A Transgressive Transcendentalist manifesto.

My Photo
Name:
Location: Dar ul-Fikr, Colorado, United States

Part Irish, part Dervish, ecstatic humanist, critical Modernist, transgressive Transcendentalist.

Thursday, February 13, 2014

Luminosity Engenders...Silence


When I went away to college, I was determined to spend my four years of voluntary study exposing my deepest convictions to unrelenting scrutiny. I chose to do this because I felt that, in High School, no one had wished to challenge my thoughts and opinions. Instead, my teachers and classmates just seemed pleased to learn that I had thoughts and opinions and were content to leave it at that. But I wasn’t satisfied. It wasn’t enough for me to know what I thought: I wished to find out if what I thought could withstand intense critique. It was my conviction then—and it remains my conviction to this day—that “the truth” (whatever that might be) did not need my protection: if it couldn’t defend itself, it wasn’t worthy of my loyalty.

My professors at the University were only too happy to oblige my desire for intellectual self-examination (or what amounted, at times, to a kind of emotional self-immolation). By the end of my sophomore year, I had immersed myself in an acid bath of honest, skeptical inquiry and felt pretty much picked clean: there was very little credulous flesh left on the body of my beliefs. So many of the assumptions and pet theories that I had acquired since childhood had been smoked out of their holes and left to languish in the bright sun of logic and an uncompromising demand for evidence. I found that, in their wake, I was left with very little about which I could say: "This much I know," or "Of this I am certain." I faced adulthood stripped down intellectually to bone and gristle. But that was the education for which I had asked; I had no regrets then and I have none now (over three decades later).

In addition to acquiring a diamond-hard critical acumen, this often exhilarating (sometimes painful) educational itinerary equipped me with at least one crucial insight: there is a difference between faith—the confidence one must have in order to cope with the troubles that darken our lives on this planet—and credulity (or what the 20th century theologian Paul Tillich referred to as "belief in the unbelievable"). Moreover, I discovered that once all the excess fat of childhood fantasy has burned away, we are ready to face up, with independent intelligence, to the problems of life.

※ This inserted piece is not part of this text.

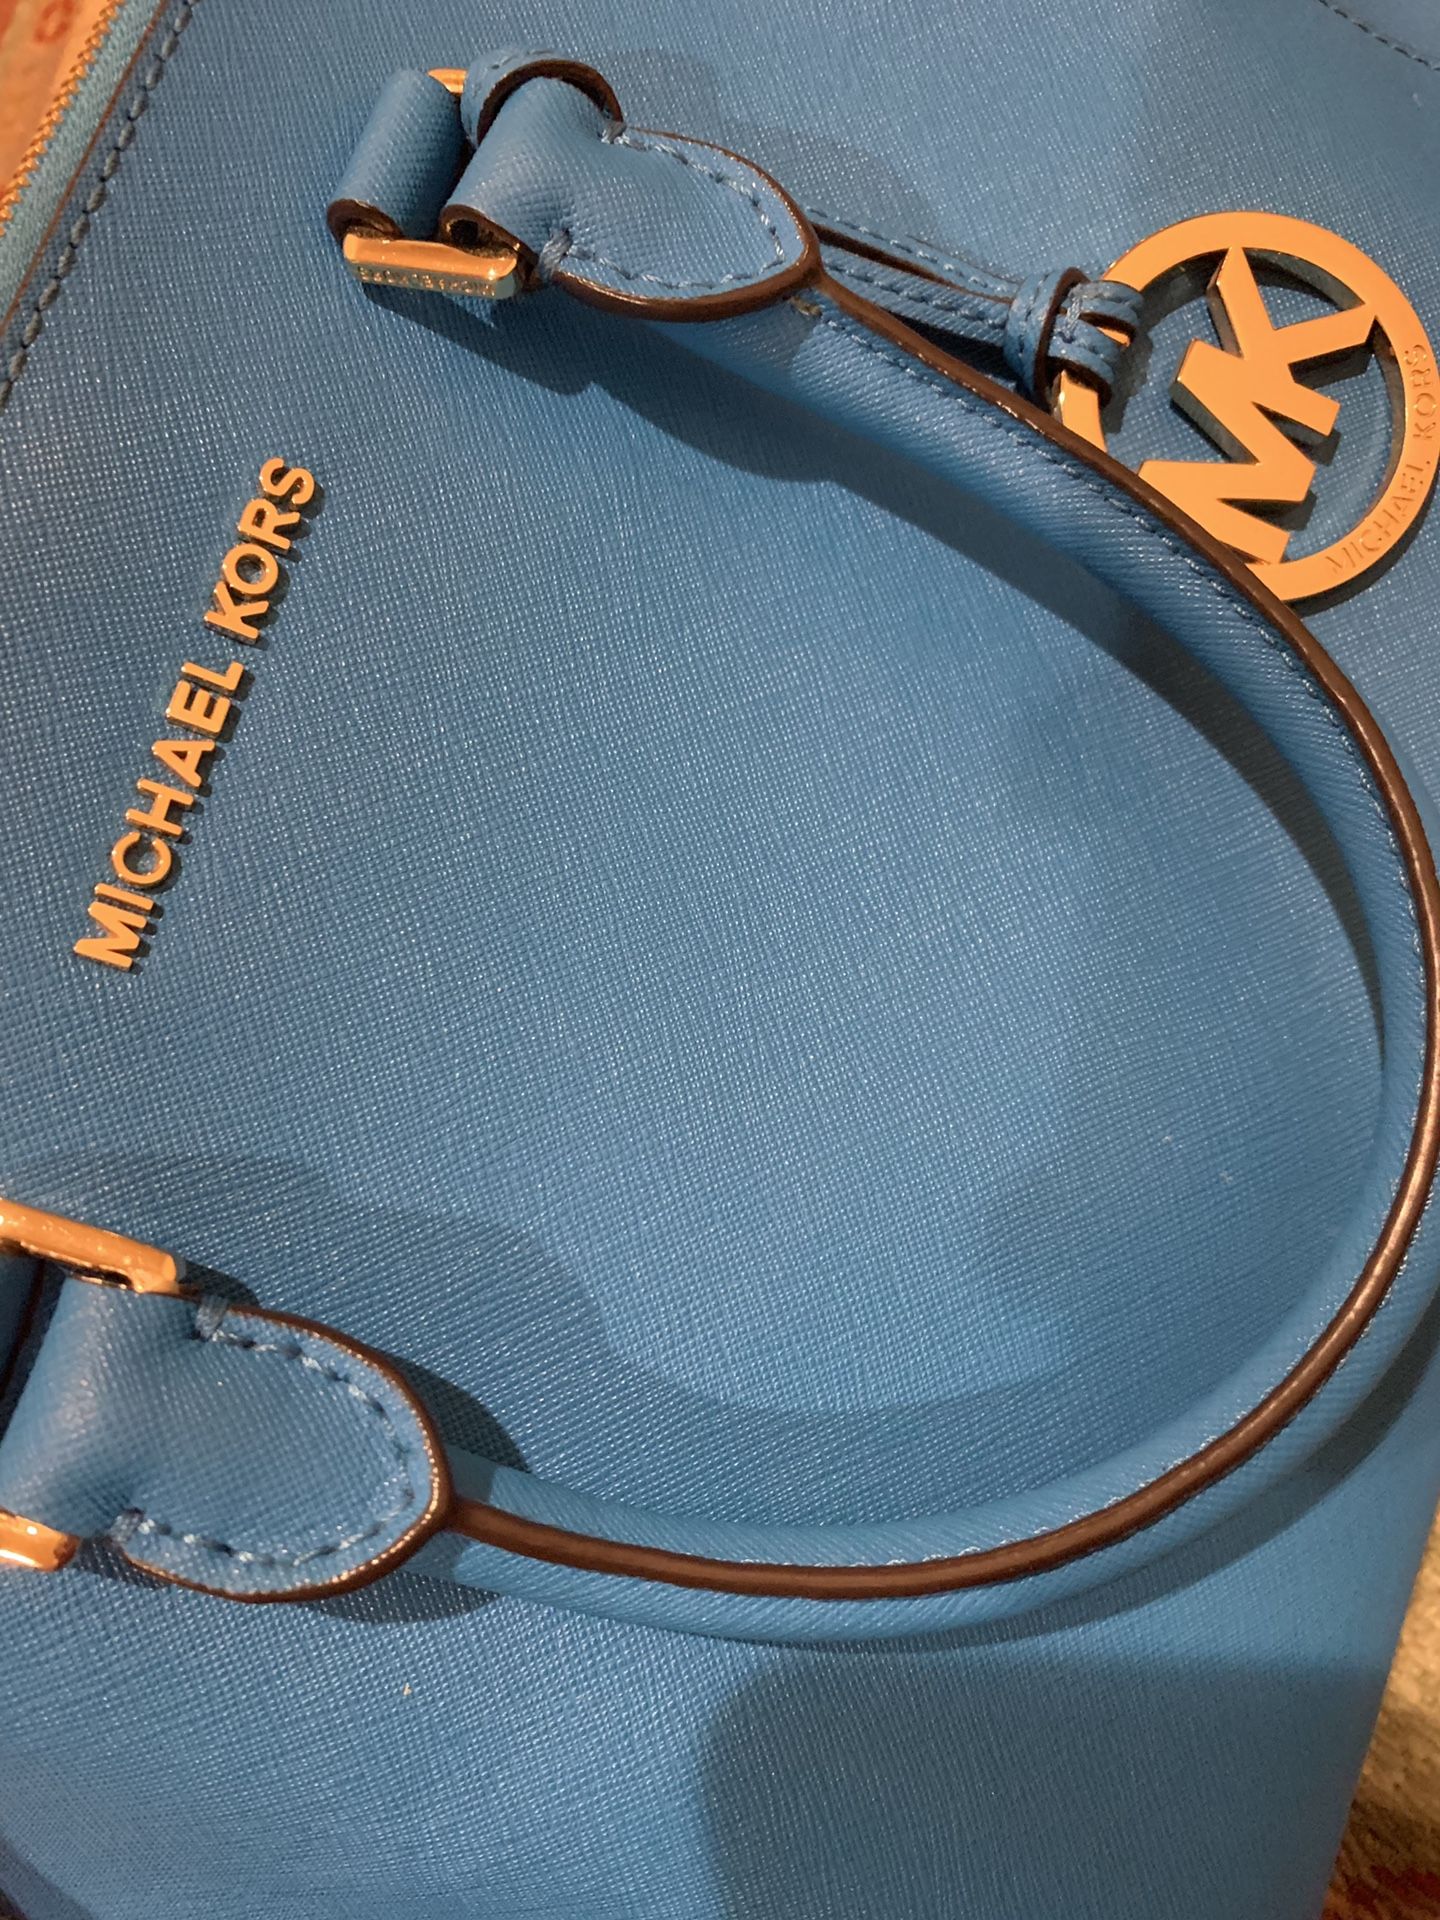 Turqoise MK BAG satchel with additional strap
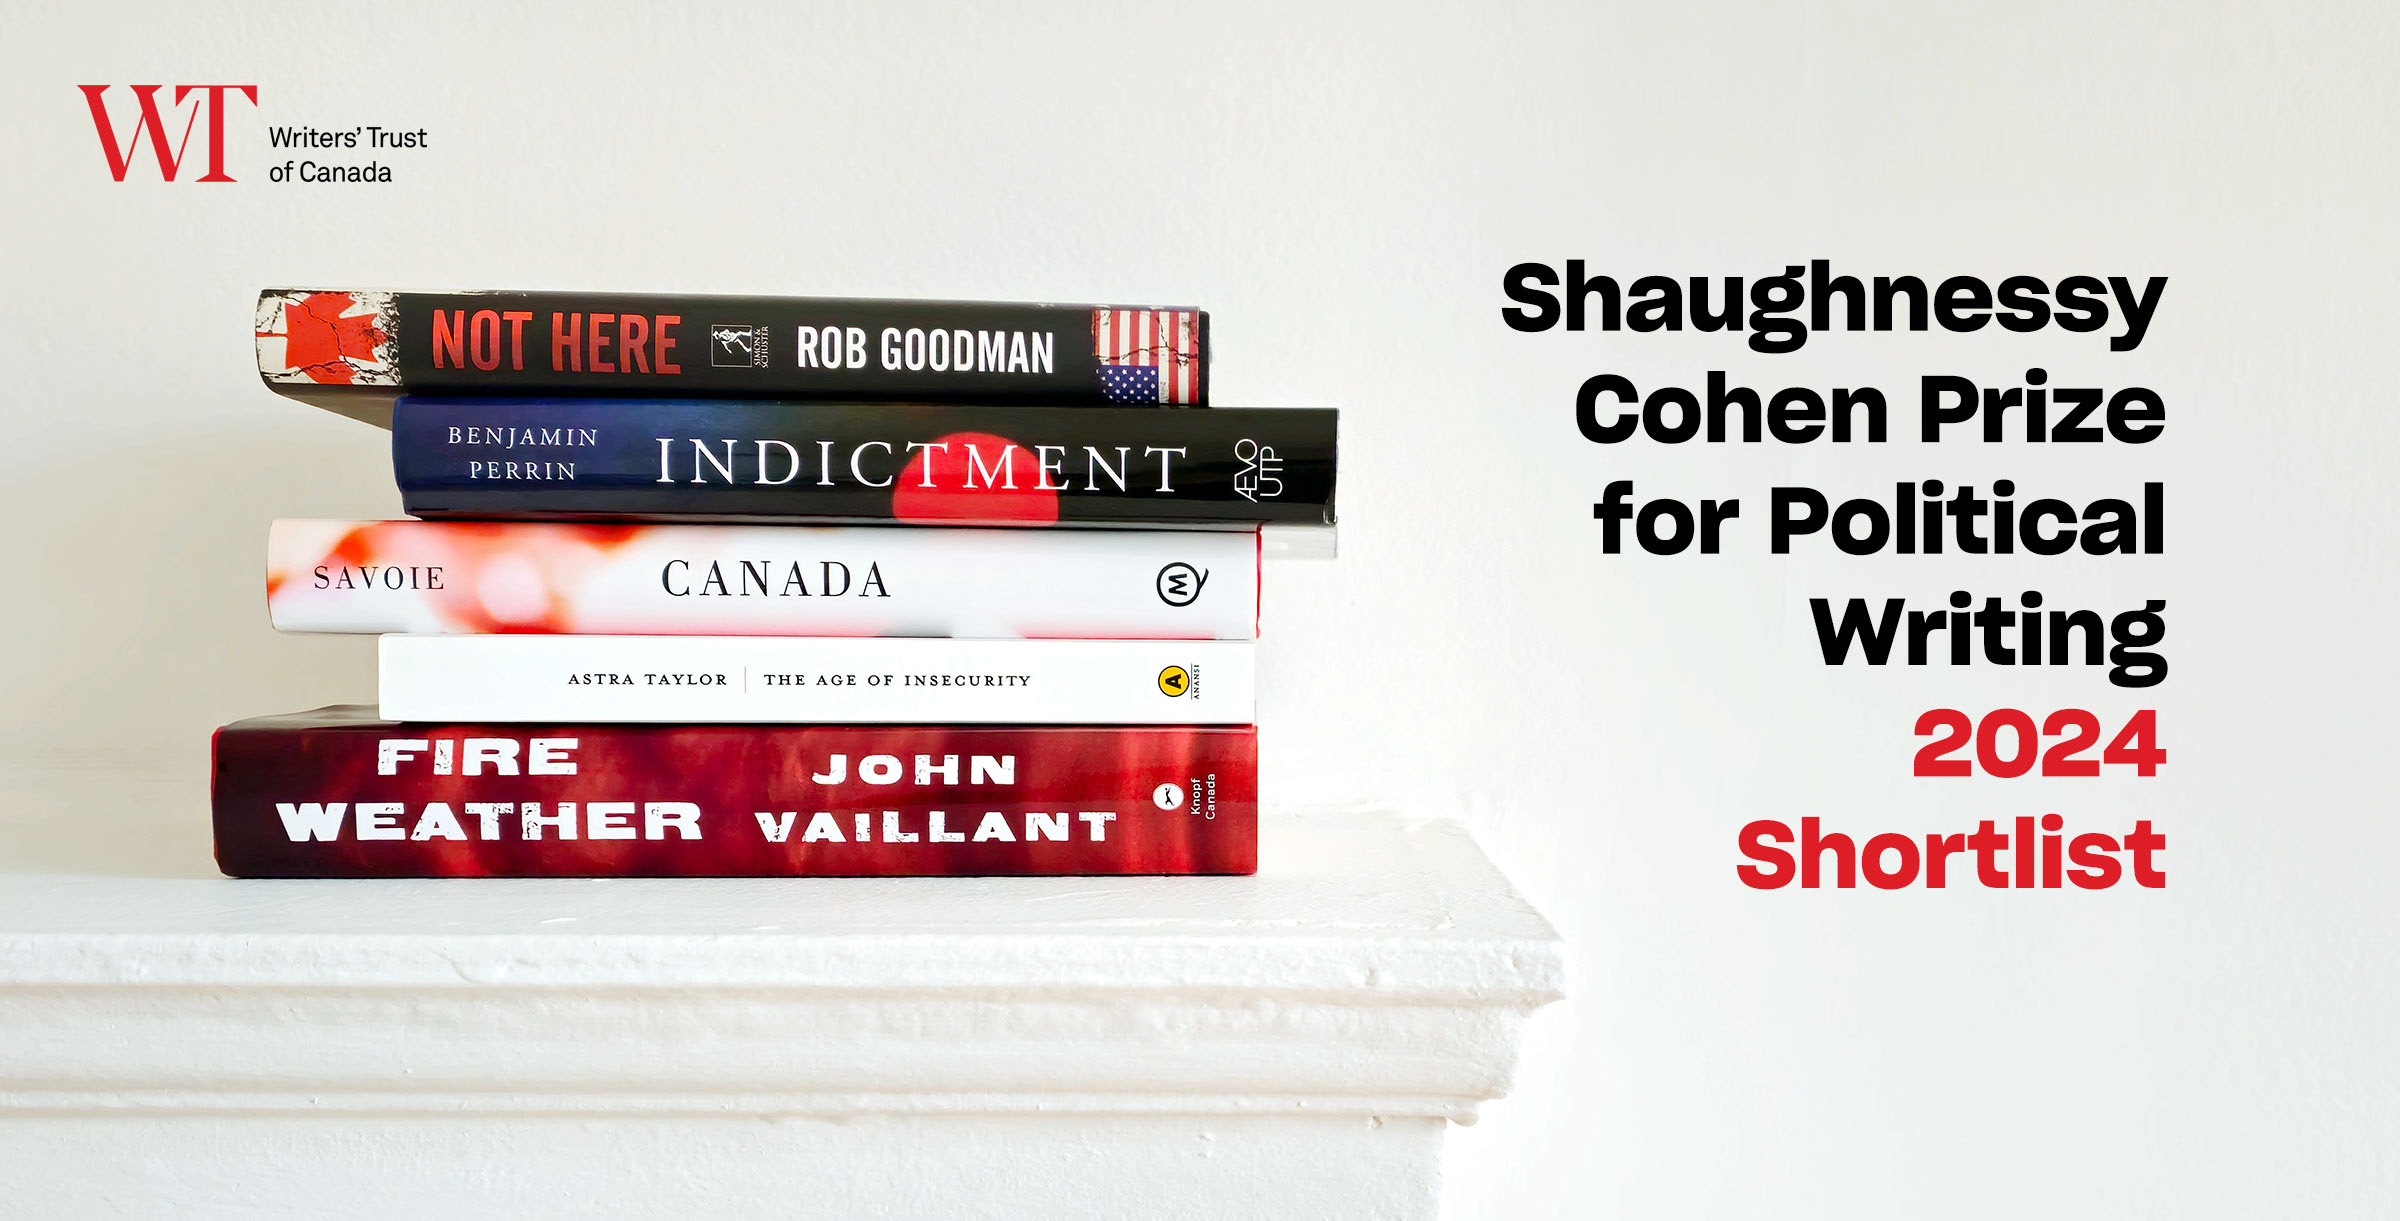 Shaughnessy Cohen Prize for Political Writing 2024 Shortlist

As Wittgenstein reminds us, when it comes to negotiating life’s difficulties: "The facts all belong only to the task and not to its performance." I take this to mean that the "what" of our lives (the "facts") and the "how" (the "performance" of "the task") are two different things. In the performance of the tasks of daily living, we find ourselves, he added, face to face with what he termed "the inexpressible. This shows itself" he said; "it is the mystical." For Wittgenstein, the "mystical" is not something we have to conjure up from our daily traffic with the ordinary "facts" of our lives; it is not an Eliadean hierophany that crashes the party of humdrum existence. No, the mystical stubbornly confronts us with confounding imponderables while crossing the street, answering the phone, baking bread, writing a sentence.

And what do we make of these strange "glitches" in the otherwise seamless fabric of a well-ordered consciousness? What can we make of them? Try as we might, they consistently elude comprehension and, thank god, commodification.

So Wittgenstein admonished us enigmatically (in his inimitable way) and, I would suggest, sagely: "Whereof one cannot speak, thereof one must be silent."